### The problem
Without copying any picture, transcribe exactly the lines of the data below from the one containing "Rooney Fifa 16" through the one containing "Rumah Minimalis Berkonsep".

Given data below:

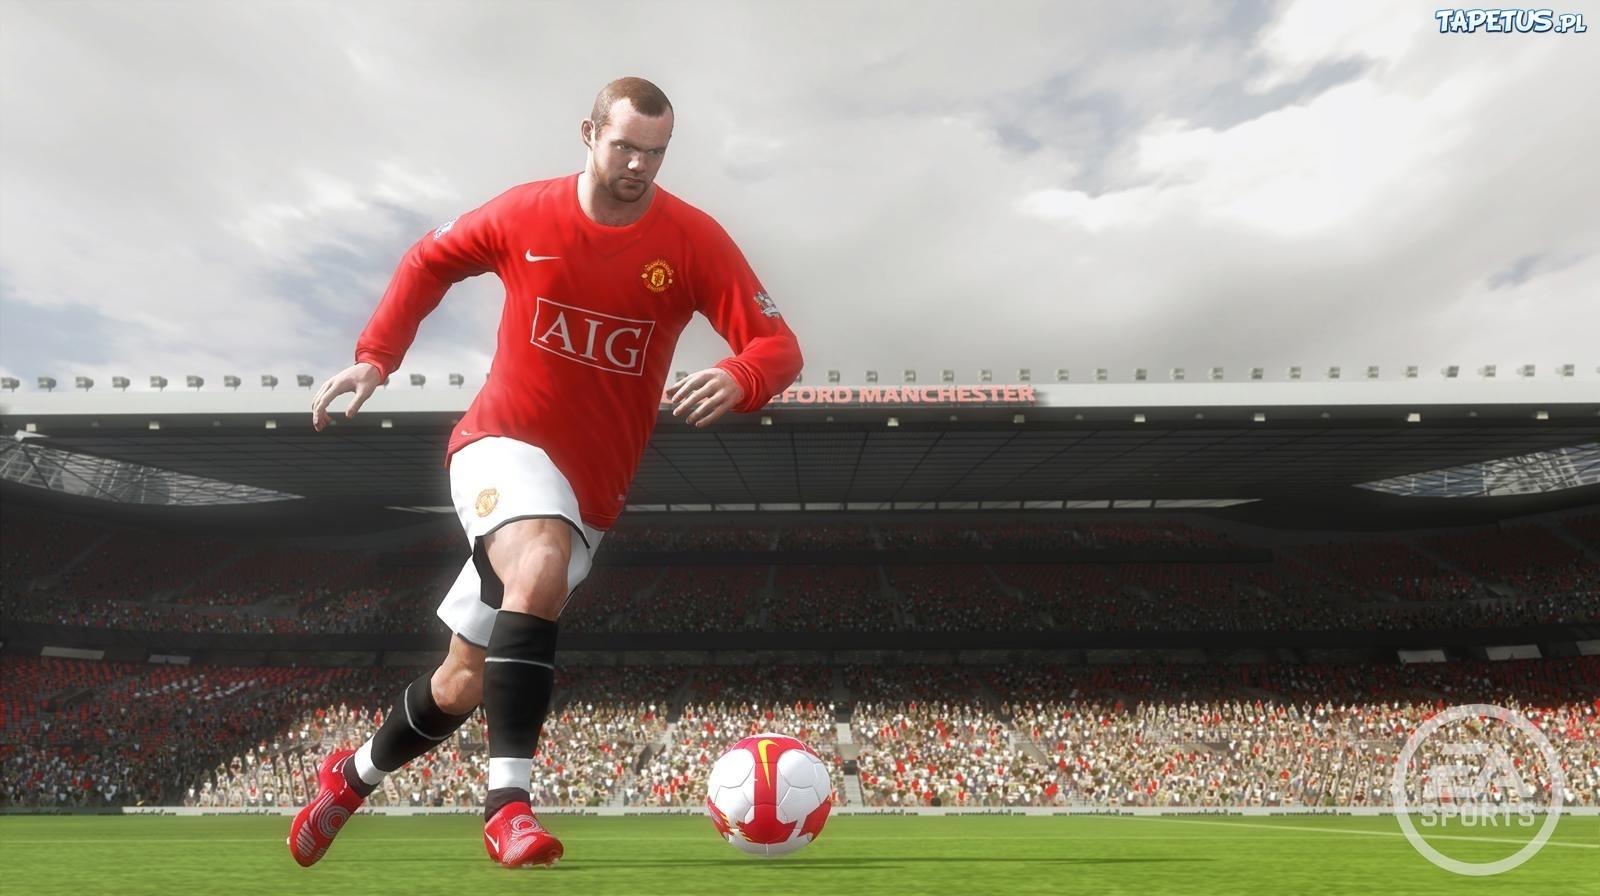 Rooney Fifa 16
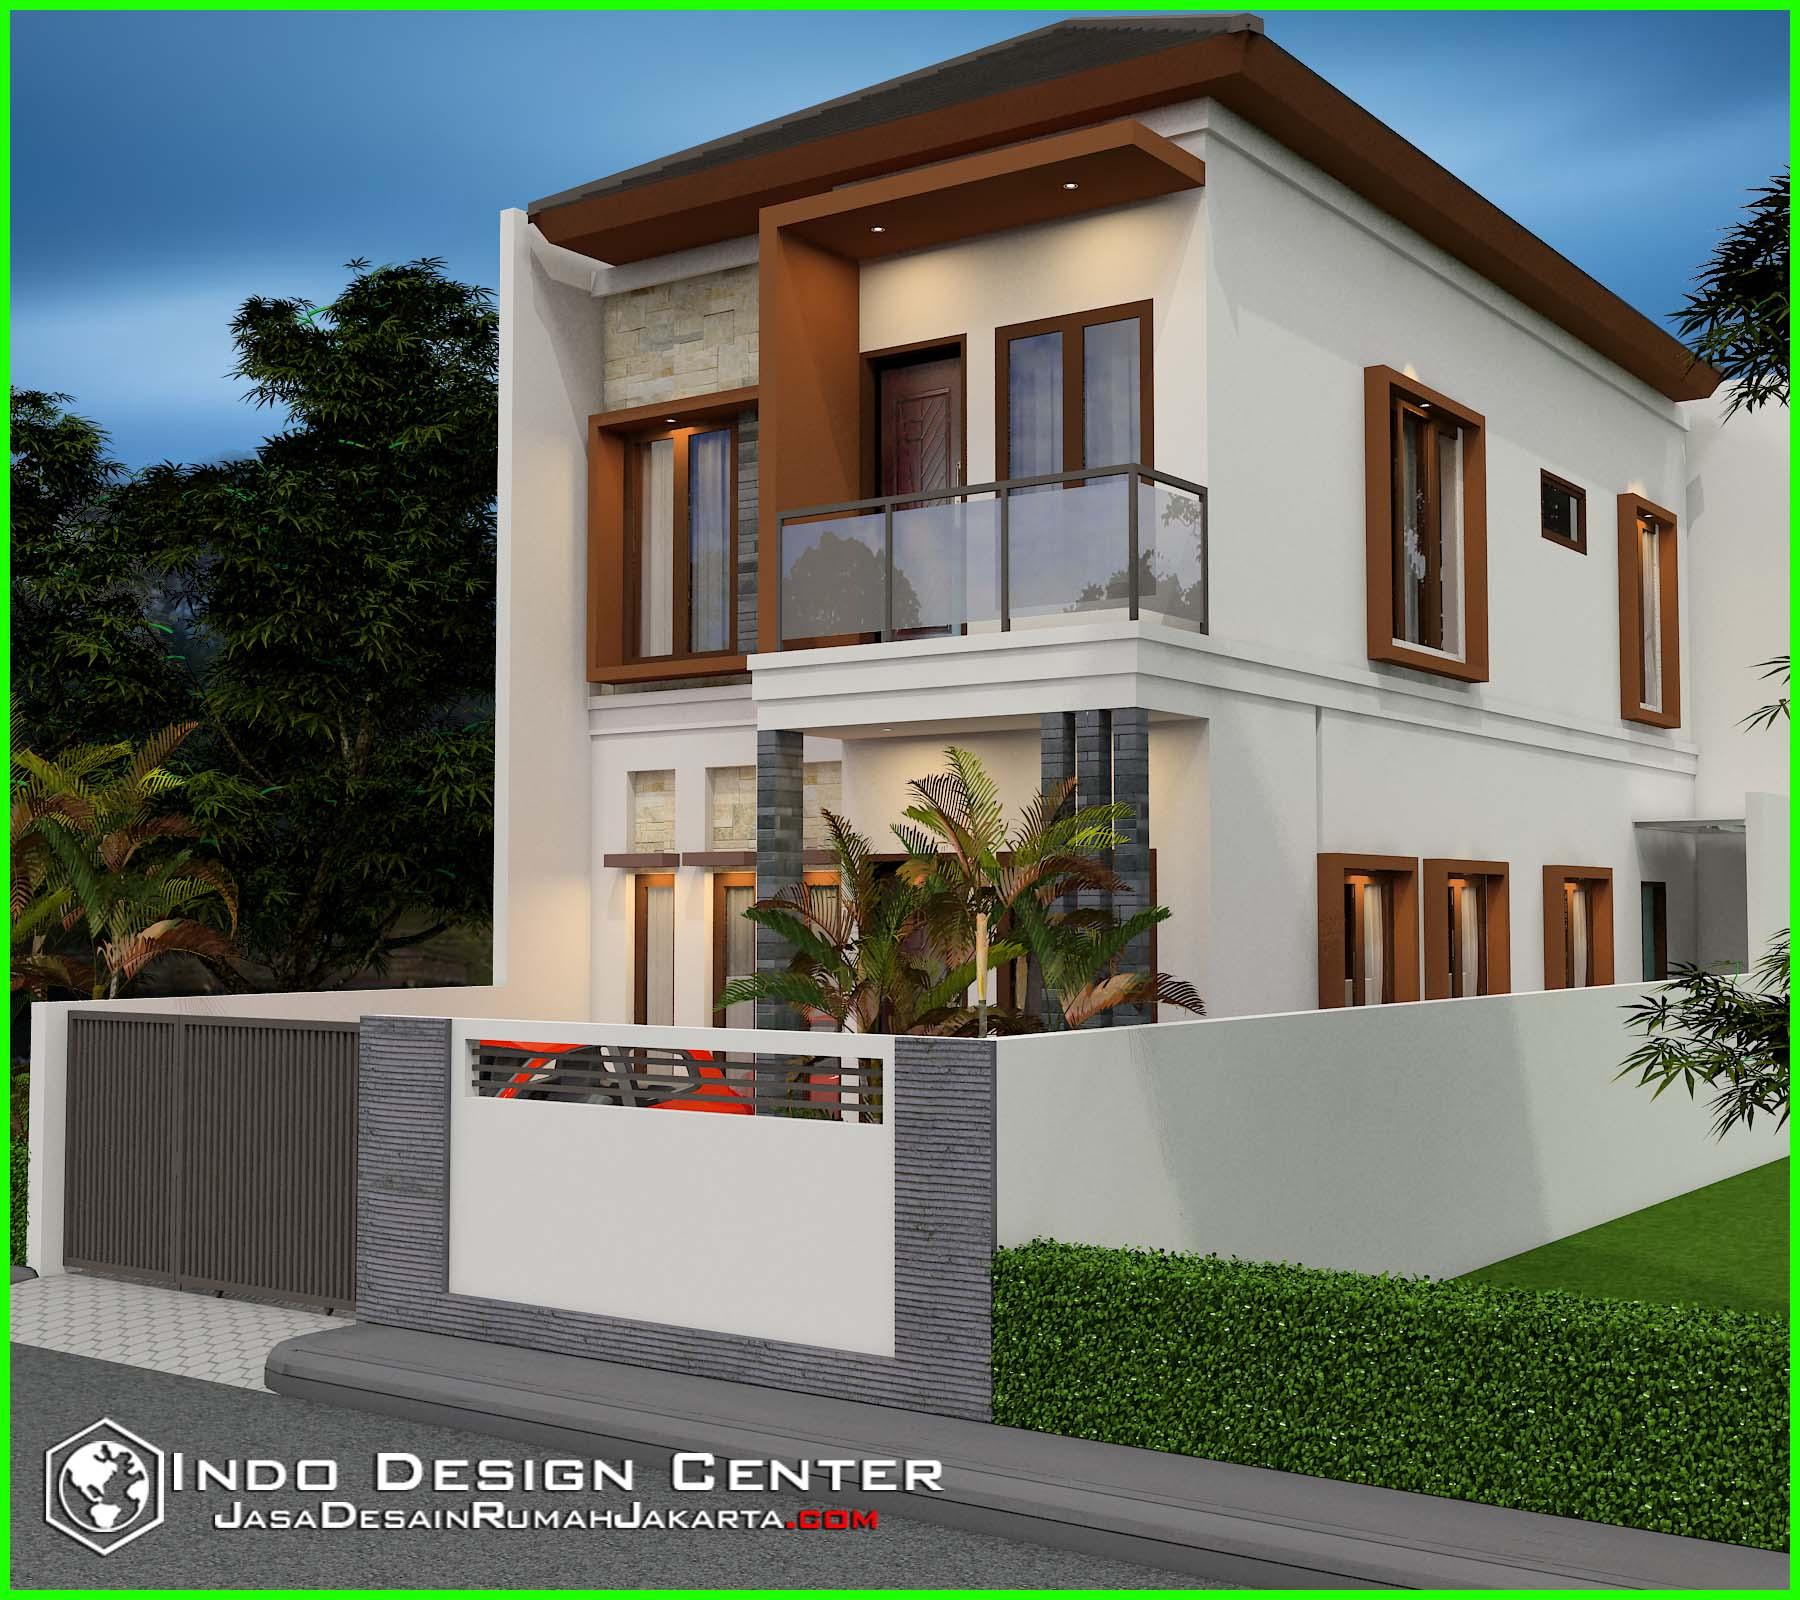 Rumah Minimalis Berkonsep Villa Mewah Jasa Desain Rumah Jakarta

End of Given data.
Given data below:

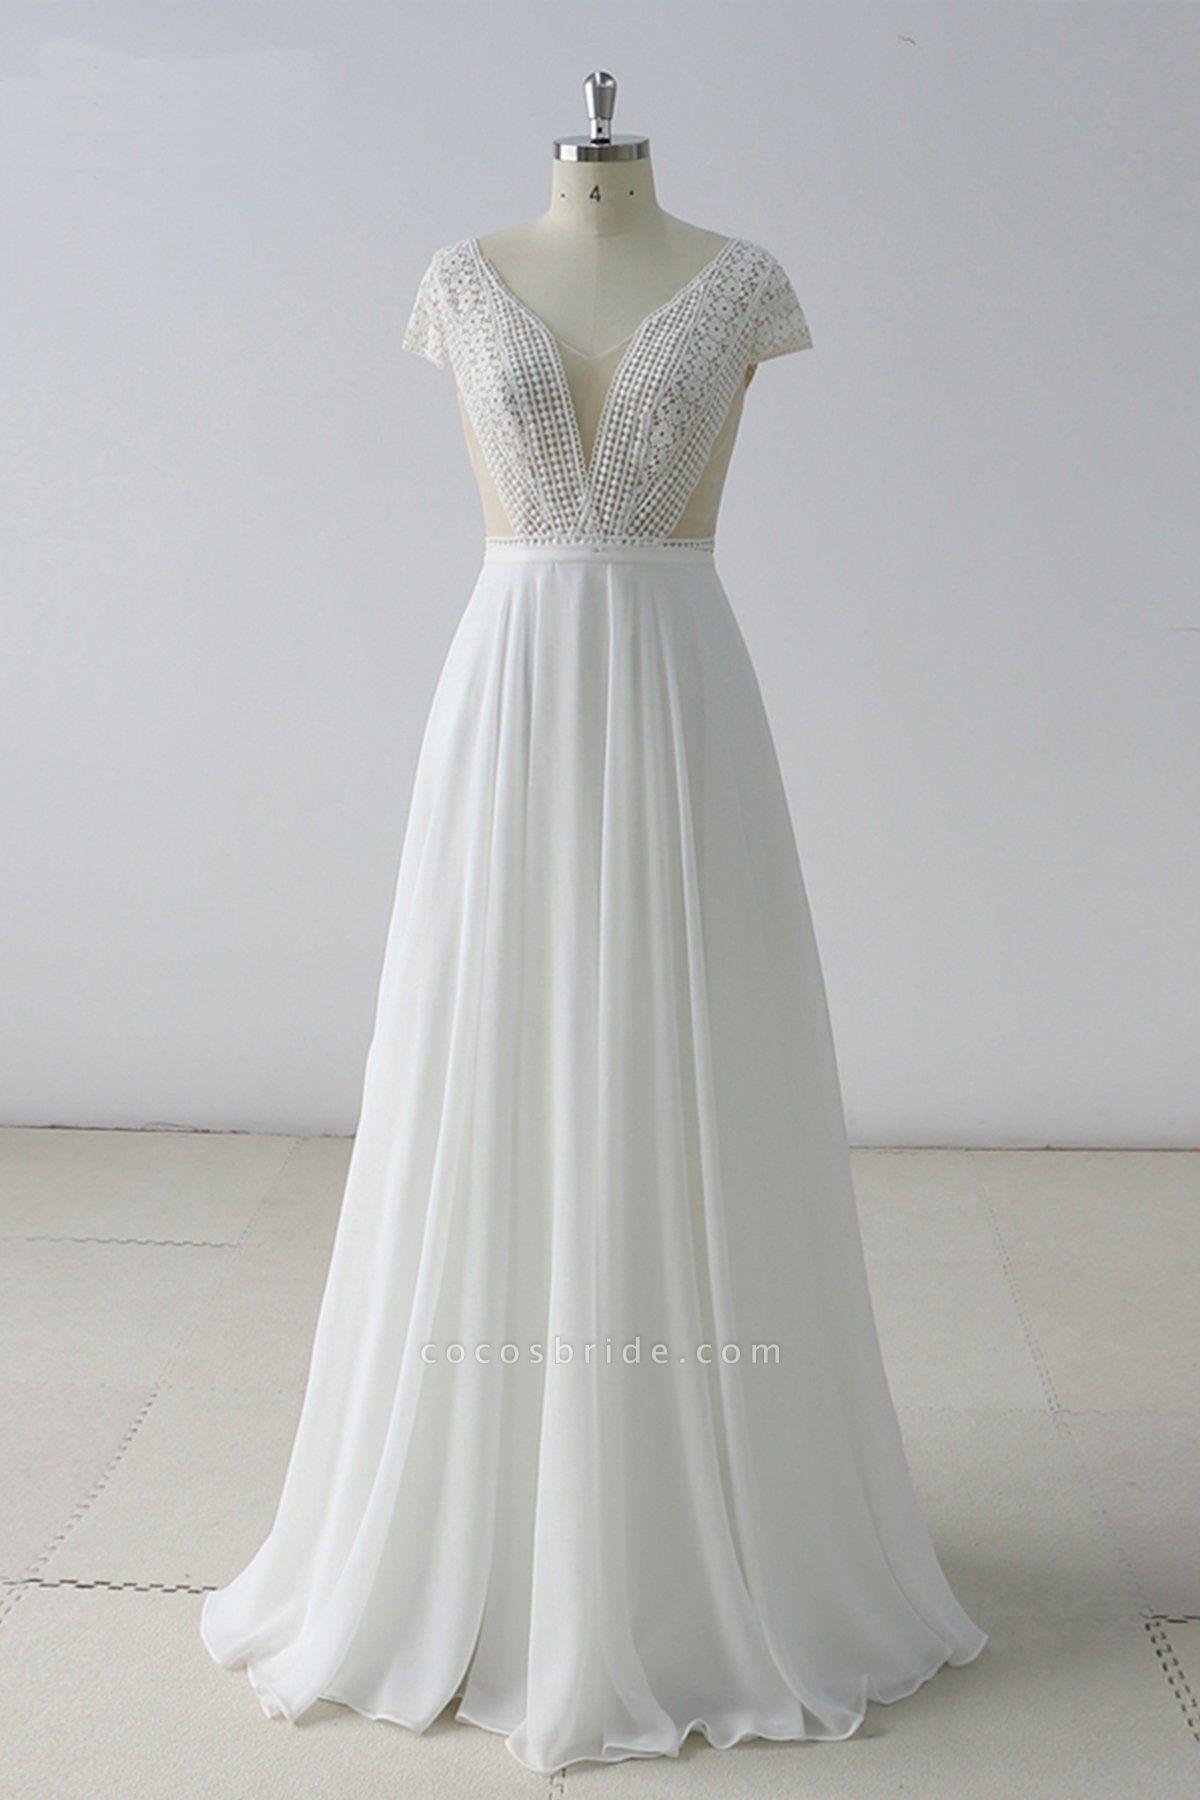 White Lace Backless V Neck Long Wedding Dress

End of Given data.
Given data below:

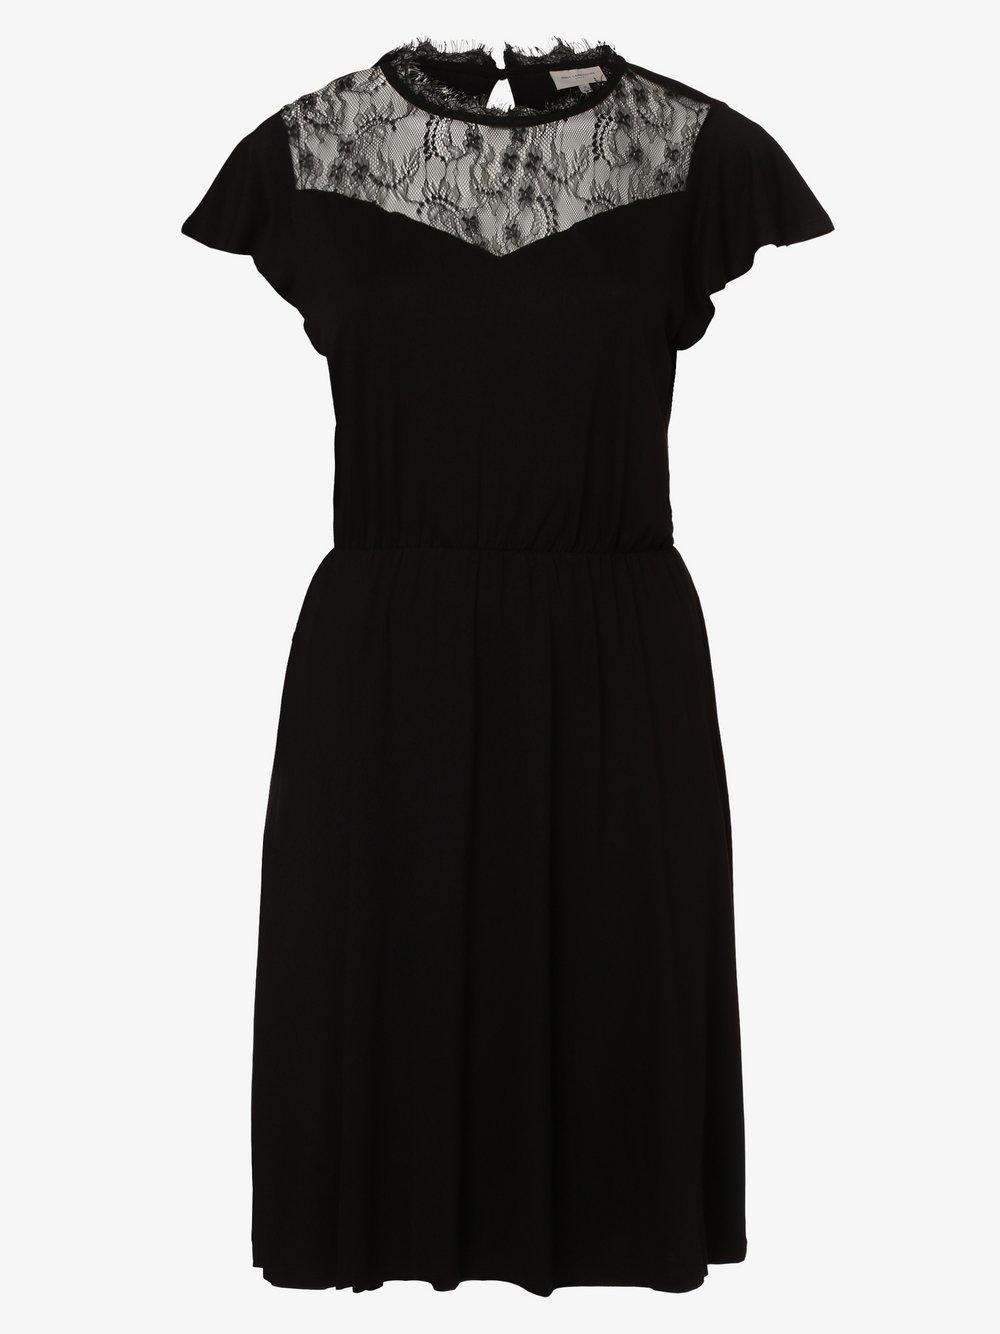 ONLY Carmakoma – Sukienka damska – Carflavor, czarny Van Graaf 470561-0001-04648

End of Given data.

### Output of the exercise
 Rooney Fifa 16
 Rumah Minimalis Berkonsep Villa Mewah Jasa Desain Rumah Jakarta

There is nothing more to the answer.